When the Lord Takes it Personally

"Shake it off, don't take it so personally" can be good advice in some circumstances especially when someone is acting on the behalf of another, such as in evangelism. And why should somebody not take it personally when another person has just slammed the door in their face as he or she tried to share the story of Jesus? As you know, the person was not rejecting him or her, but the Lord. Since this is true, have you ever given thought as to whether the Lord takes some things quite personally?

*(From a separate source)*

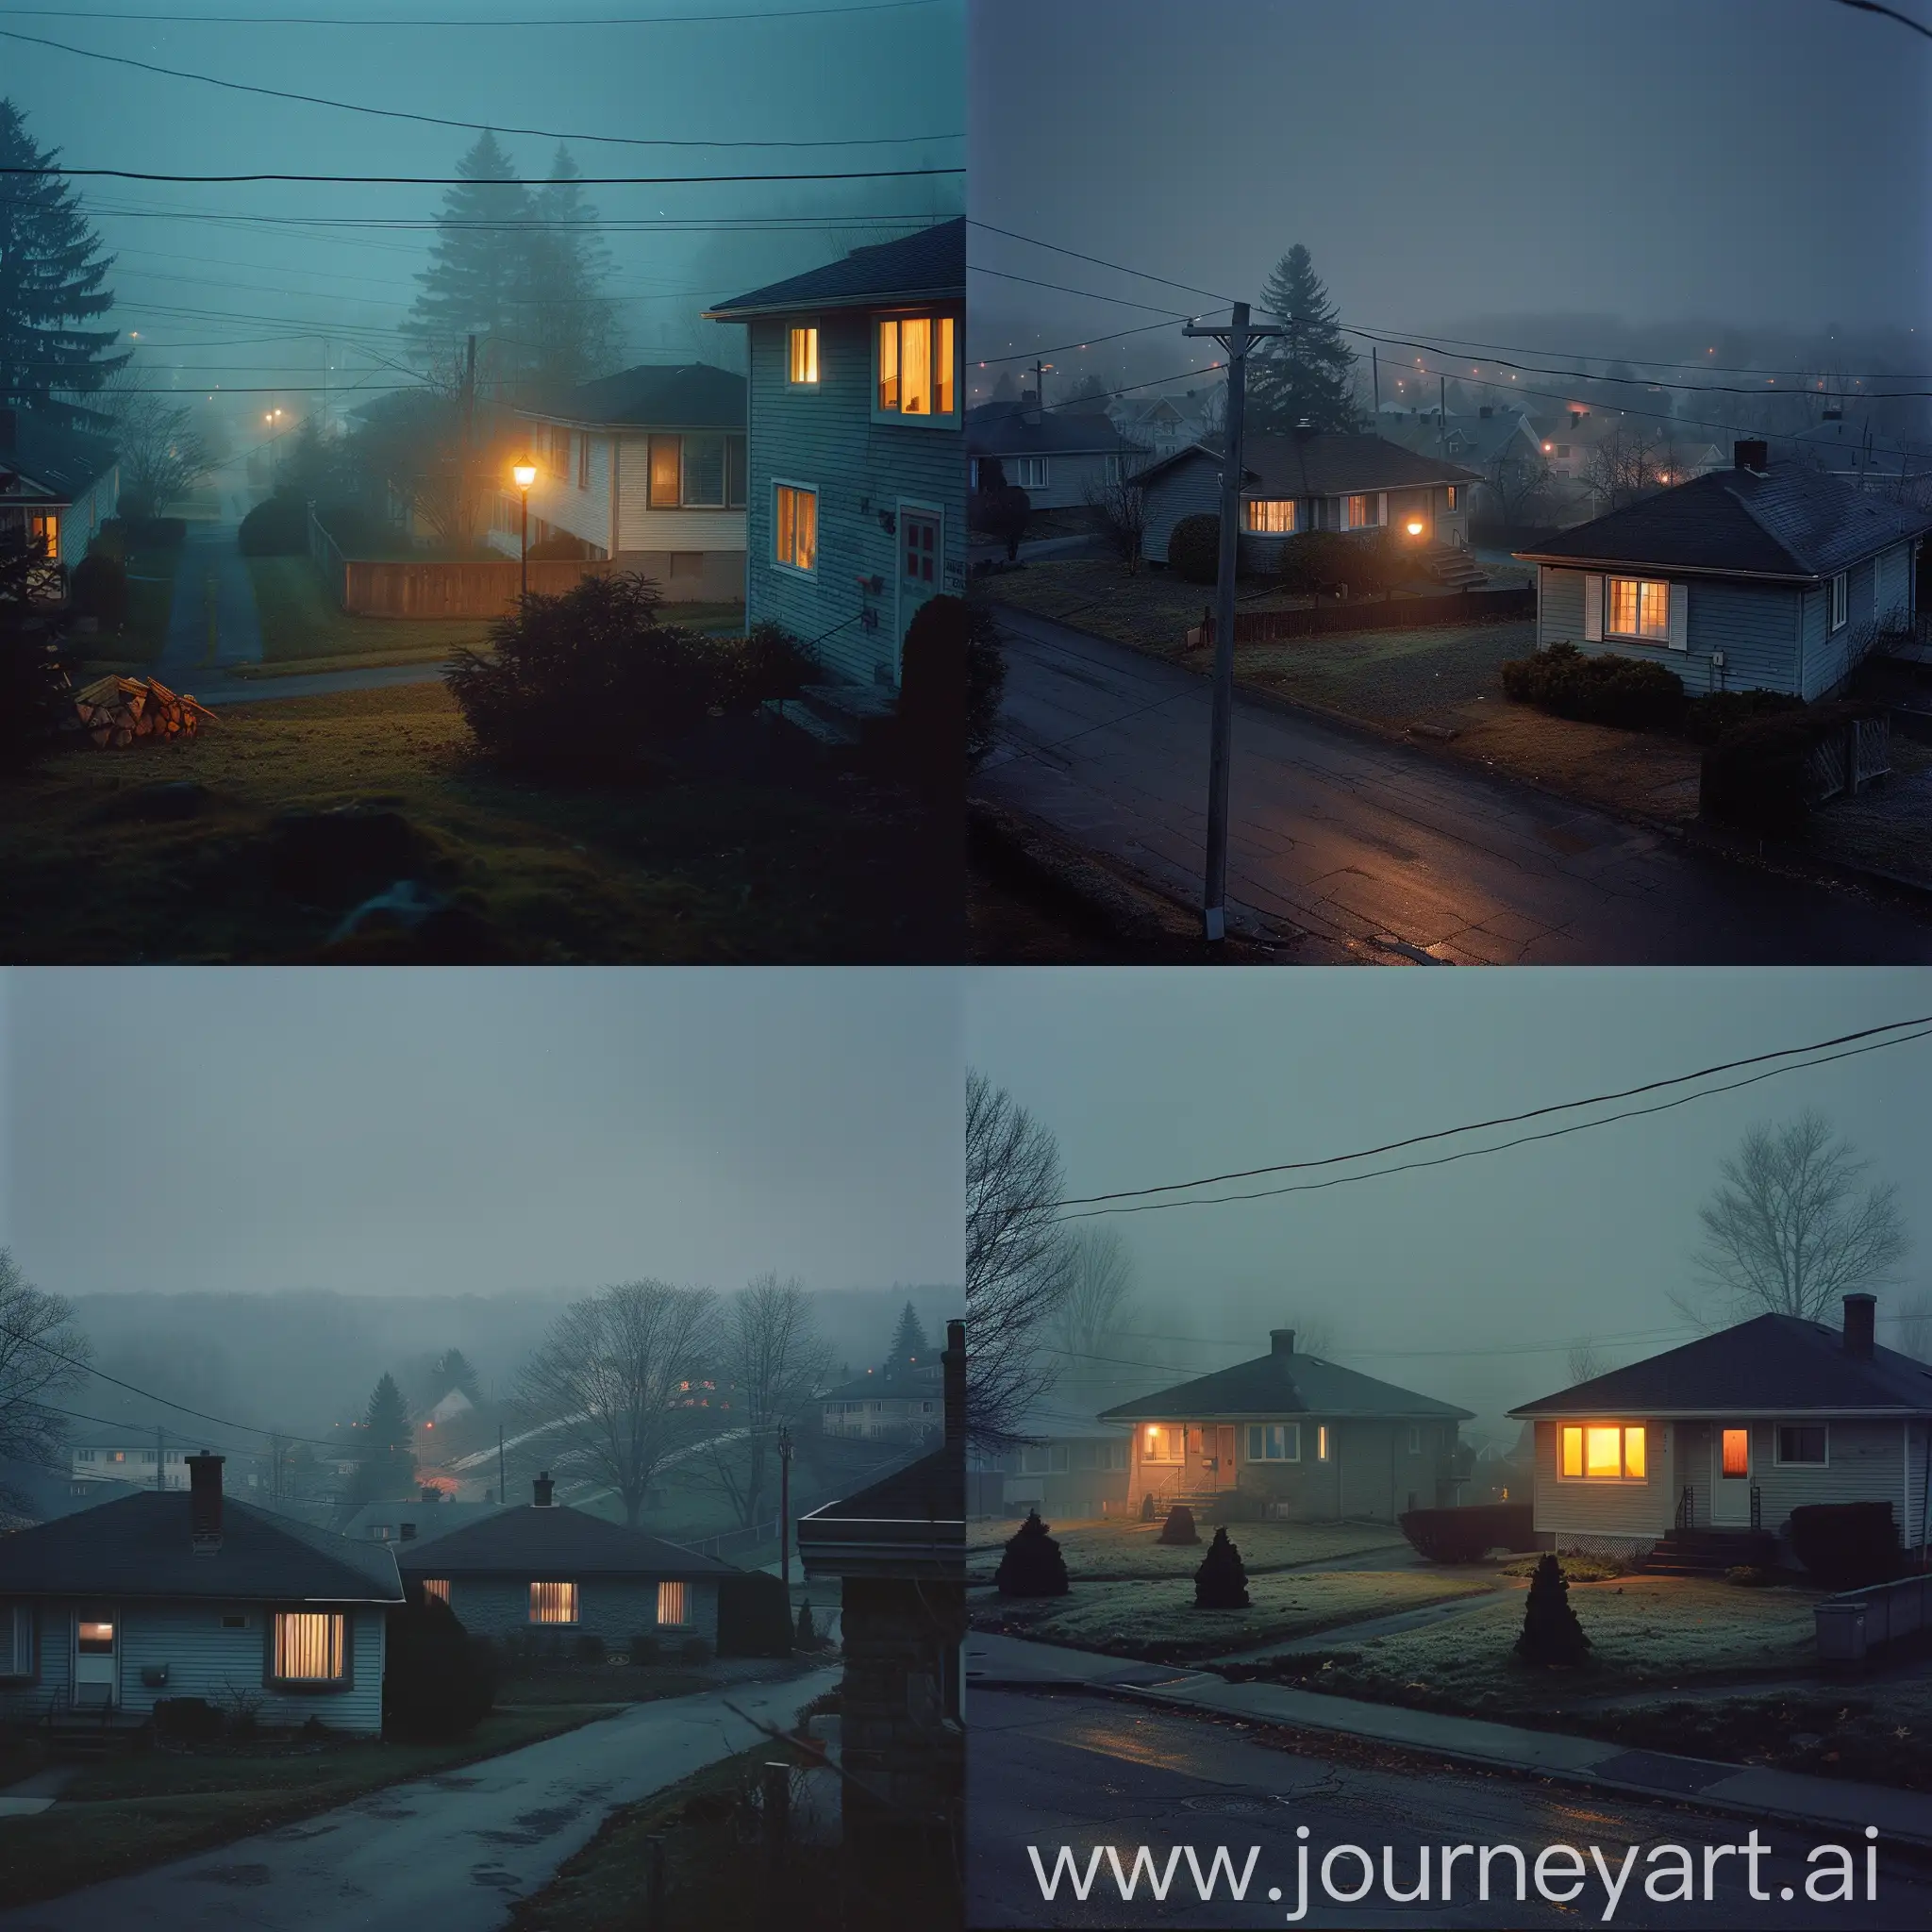 depict a photograph made on large format film camera with portra 800 of a residential neighborhood with quebec 1950's bungalows  interior light on and moody fog at night. Inspired by todd hido

Does the Lord ever take it personally?

Yes, there are several examples. We find one very enlightening occasion in Acts 9. In Acts 9:4, Jesus asks the young Saul why he was persecuting Jesus. Up to that point in time, Saul had never even seen the Lord. What had Saul been doing? He had been aggressively persecuting individual members of the church. But the Lord viewed the persecution of these members of his body (that is, the church - 1 Corinthians 12:12-13; Ephesians 1:22-23) as being a direct attack upon himself. When someone attacks an individual disciple because of his or her commitment to Christ, our Lord takes it personally.

There seems to be another situation where the Lord also takes it rather personally. Once again, this involves how a person treats another human being. When people fail to attend to the legitimate needs of the poor, those needing security, those suffering with illnesses or those locked away in prison, Jesus says, "I was in need and you did nothing to help me." Matthew 25:42-43.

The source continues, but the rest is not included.